The Crimson Field tells the story of the VAD, the Voluntary Aid Detachments, who alongside nurses administered the front line hospitals of WW1. The women of Game of Thrones lead armies, give Machiavelli a master class in manipulation, and hold their own against their male counterparts.

But it may be too early to declare a golden age of diversity in drama, for lacking in these are strong characters from ethnic minorities – and those that do appear reinforce historical stereotypes.

Set in the western front of World War I, The Crimson Field seeks to portray the horror of the trenches from the perspective of its four female leads. Their wounded patients are both middle class officers and the working class. So the class portrayal of the war may be accurate, but the British Army consisted of more than just white soldiers and officers.

All over the world, soldiers from colonised countries were recruited to fight on the front line on both sides of the war. The Western Front for example, where the Crimson Field is set, saw soldiers from the British Caribbean volunteer to join the war efforts.

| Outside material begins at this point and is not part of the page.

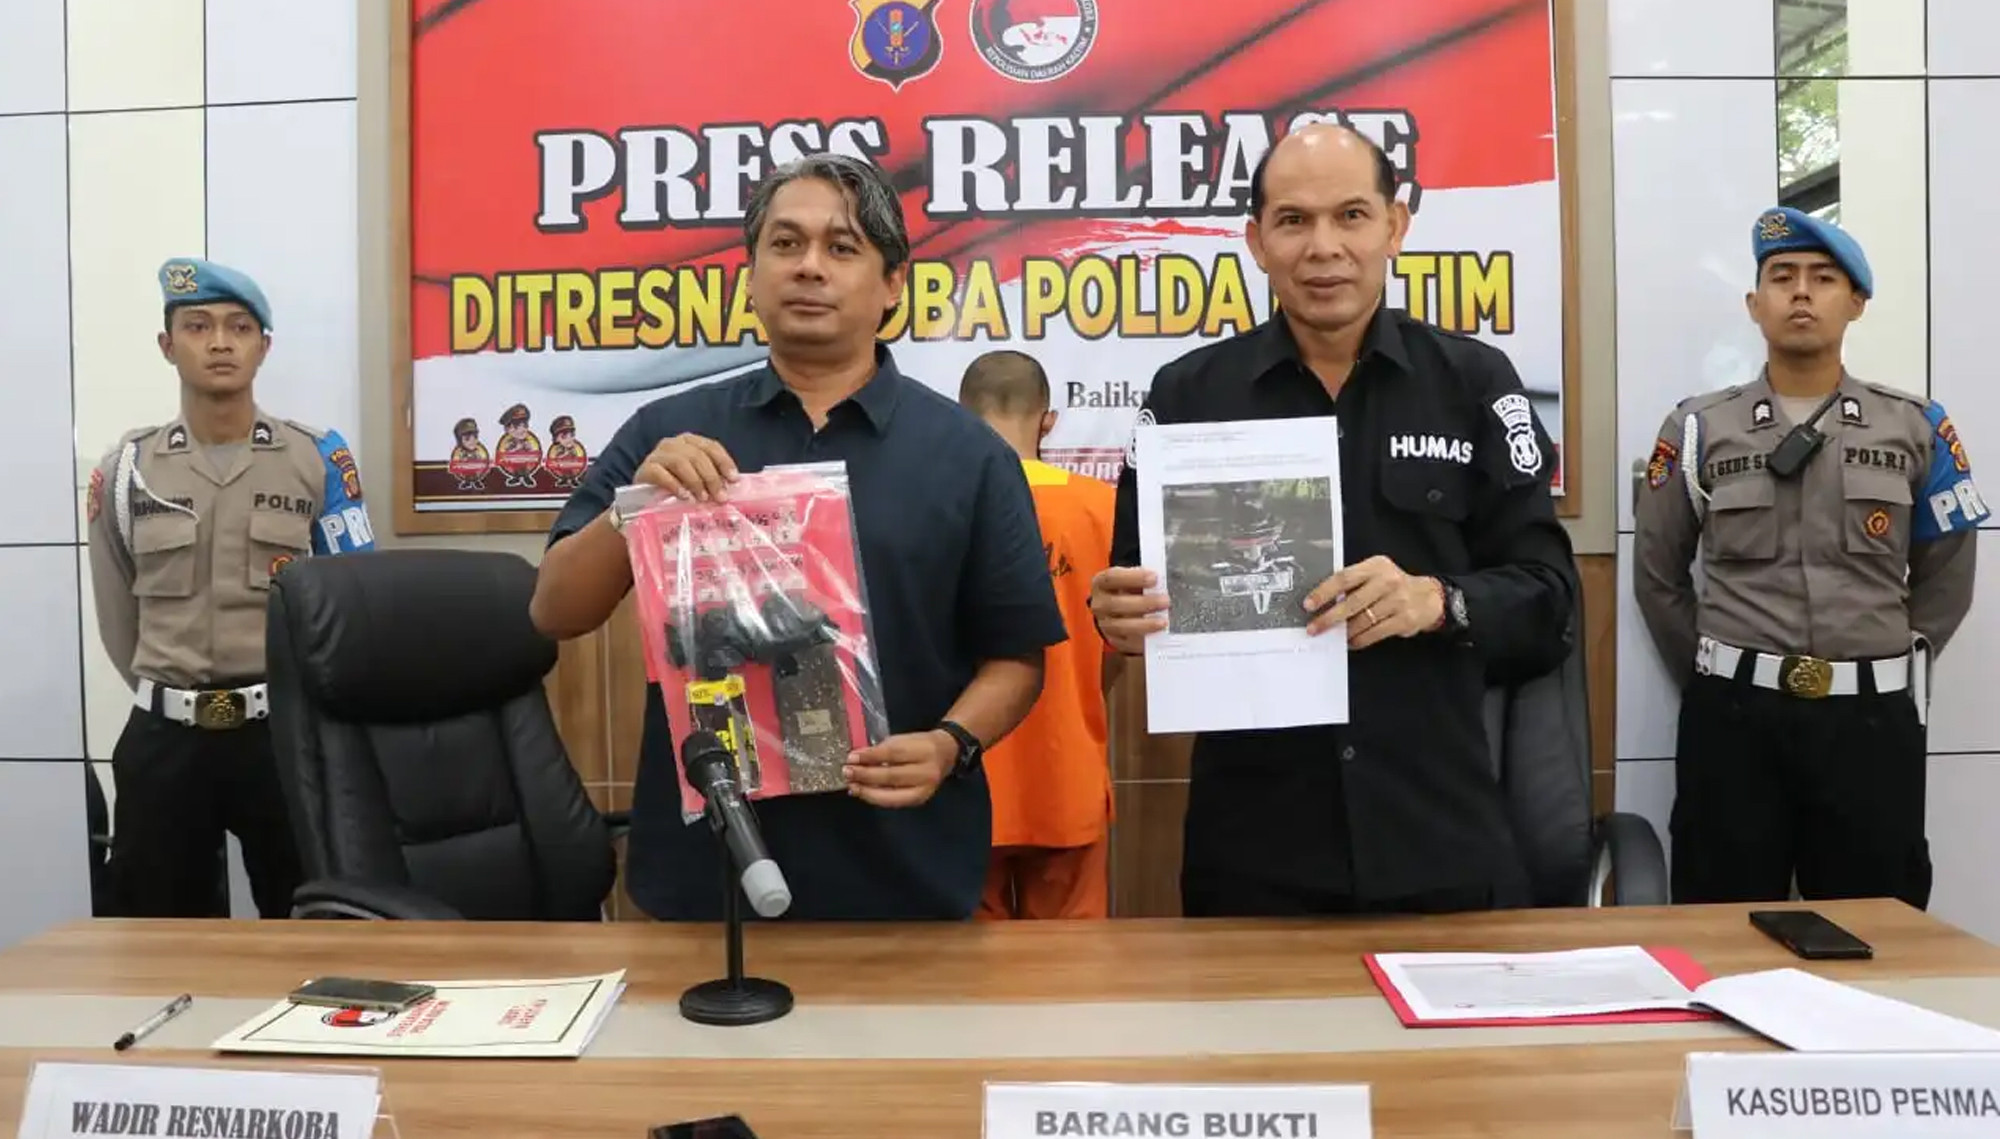  Seorang Pria Ditangkap Polisi di Sekitar Lokasi IKN Nusantara, Ternyata Ini Kasusnya - JPNN.com Kaltim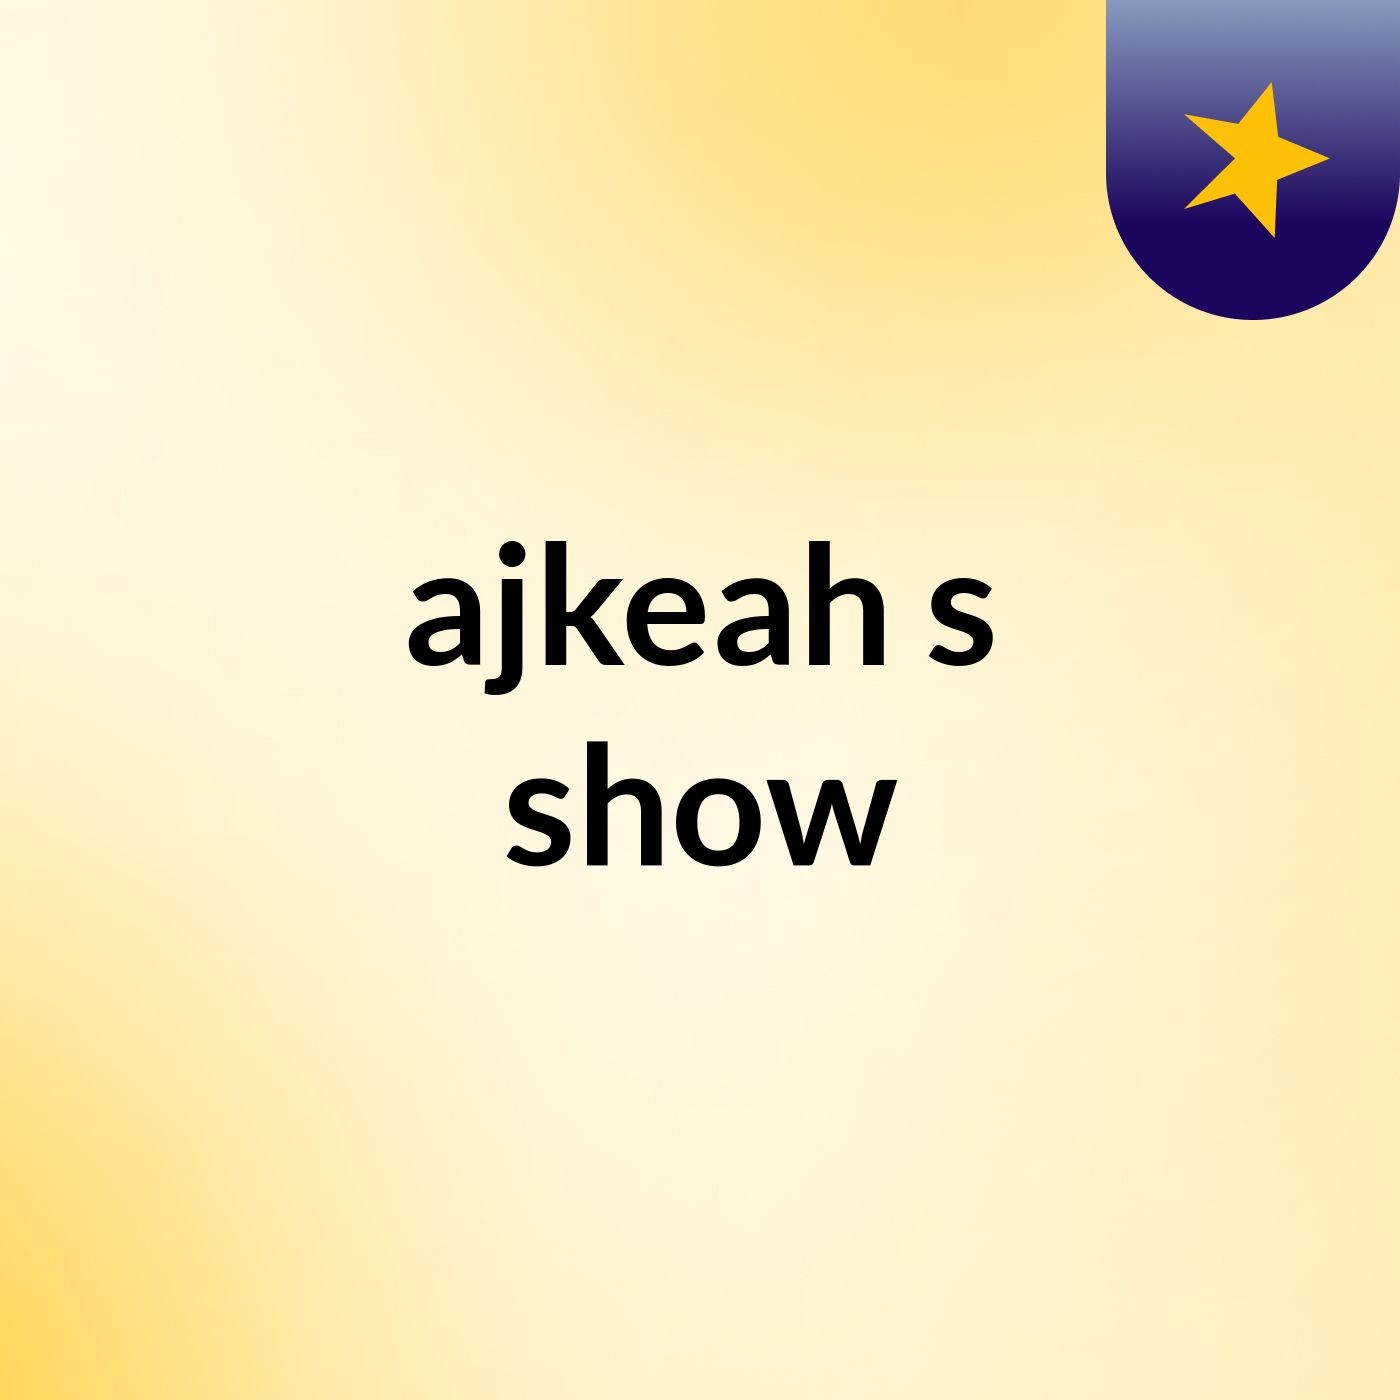 ajkeah's show

Over the course of both wars more than four million black and Asian soldiers volunteered. It is estimated that by the end of the World War I, 15,500 West Indians had experienced battle. These men were assigned the worst of jobs: digging trenches, loading ammunition and the like, and often faced racism from officers. And, of course, black women were also used as auxiliary nurses and experienced field action.

There was a campaign to posthumously award Walter Tull, who was one of the first black officers, the military cross. And some attempt is being made to highlight the role of black soldiers, such as John Williams, who people called the Black VC. But despite this, in fictional portrayals like The Crimson Field, such heroes are generally ignored.

There has only been one episode of this drama, and whilst a war drama with women at its heart is rare, I’d like to see some depiction of the stories of black and Asian soldiers, too.

Missandei, with her 19 languages, provides hope. Sky Atlantic

But what of the fantastical narratives? Surely here, where we are less constrained by historical inequalities, we should see more racial diversity on our screens?

Game of Thrones may introduce us to new claimants for the Iron Throne each season, but we are yet to see a serious contender of colour. Westeros under the Lannisters is overall a white place with little cultural diversity. And up at the wall, The Nights Watch doesn’t fare much better. Ironically, it seems that to “take the black”, you can be a former criminal, a bastard son, anything – as long as you are white.

But surely over the sea in the world of the “feminist icon” Daenerys Targaryen we can find a strong ethnic minority character? It has been argued that she saves the Dothraki brethren from racism, and frees slaves, but these are story arcs that reinforce cultural stereotypes.

The Dothraki are a nomadic horse-riding clan who George Martin acknowledges are based upon amongst others on the Mongols and the Huns. In both the books and the series (where they have a Middle Eastern colouring) they are seen by those in Westeros as savages, and portrayed as such. Their wedding celebrations include public killings, and unlike those from Westeros and the North have no evidence of high learning, as in the Maesters of Westeros. This is of course contrasted by the history of the regions of Asia from which the clans that they are based on emerge, whose seats of learning provided the base for modern philosophy.

After the death of Khal Drago, Daenerys is abandoned by the Khalsar, but with dragons in tow, she seeks to conquer her own kingdom. And so we come to the sight of Daenerys freeing the black slaves of Astapor. And now Daenerys is surrounded by a sea of “freed men” who refer to her as mother.

But freedom under Daenerys does not equal empowerment. They are portrayed as nameless and incapable of decision – it is only Daenerys’s action that allows them to break out of their chains.

But Game of Thrones has only just begun its latest season, and The Crimson Field its first ever episode. There’s still hope, right?